The search performance itself is solid. Vector search typically returns results in under 100ms for 10 results. Text search is even faster at around 20-30ms. Hybrid search is just the sum of both plus some merging logic.

The bottleneck is embedding generation. Processing 10,000 Wikipedia articles for ingestion into MongoDB takes hours on consumer hardware, and parsing and embedding the entire Wikipedia dump would take days. That’s not a MongoDB problem though. That’s just how long it takes to run text through an embedding model locally. Once your data is indexed, queries are fast.

Wrapping Up

Vector search in MongoDB Community Edition changes the local development game. Before this, building a RAG application meant juggling multiple databases: MongoDB for your data, Pinecone or Weaviate for vectors, and some sync mechanism to keep them aligned. Now it’s just MongoDB. One connection string, one query language, one place where everything lives.

The fact that this is in the free Community Edition matters. No monthly bills, no vendor lock-in. You can prototype locally, understand exactly how it works, and decide later whether you want to move to Atlas or keep running it yourself. That’s the kind of flexibility that makes experimenting with new features actually happen instead of staying on the “maybe someday” list.

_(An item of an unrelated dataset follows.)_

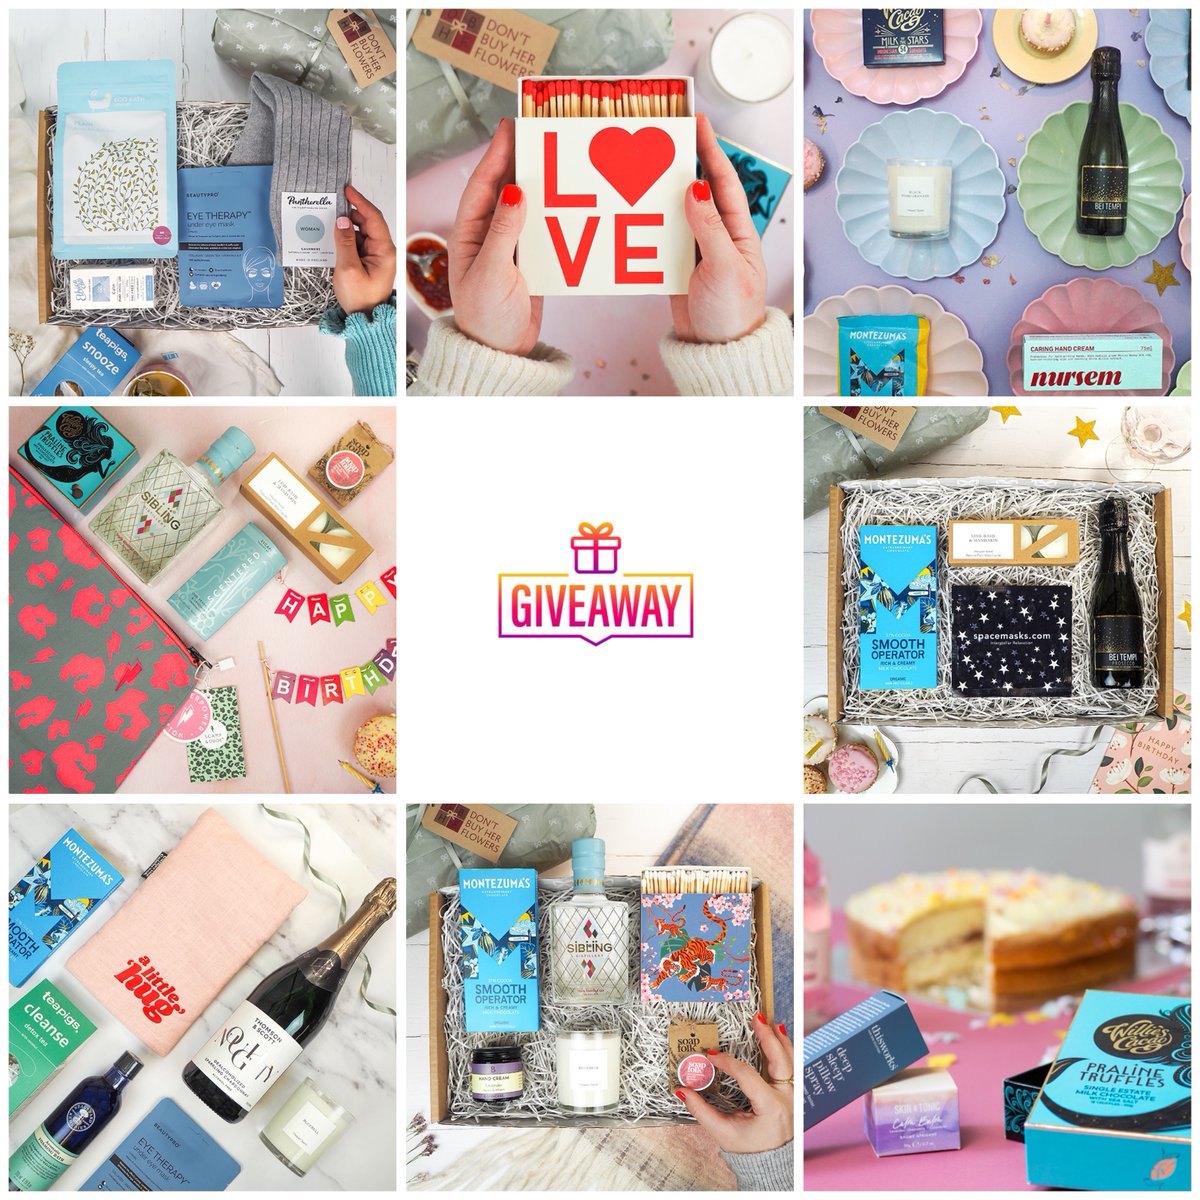 WIN PRIZES! @britainsmallbiz are brightening your January blues by giving away 5 fantastic hampers worth £100 each from @DBHFgifts! 🎁 Fill form to enter: bit.ly/3Sl092z 📅 Join Mat & Steph @DBHFgifts live on Wednesday 24th Jan at 1pm: ow.ly/2GLE50Qrrka

I’ve put the complete demo project on GitHub at markusos/mongo-search-demo. It includes the Docker Compose setup, Wikipedia ingestion pipeline, LM Studio integration, and an interactive CLI for testing all three search modes. Clone it, run docker compose up, and a few additional setup steps, and you’ll have a working vector search system running locally in minutes. No cloud accounts required.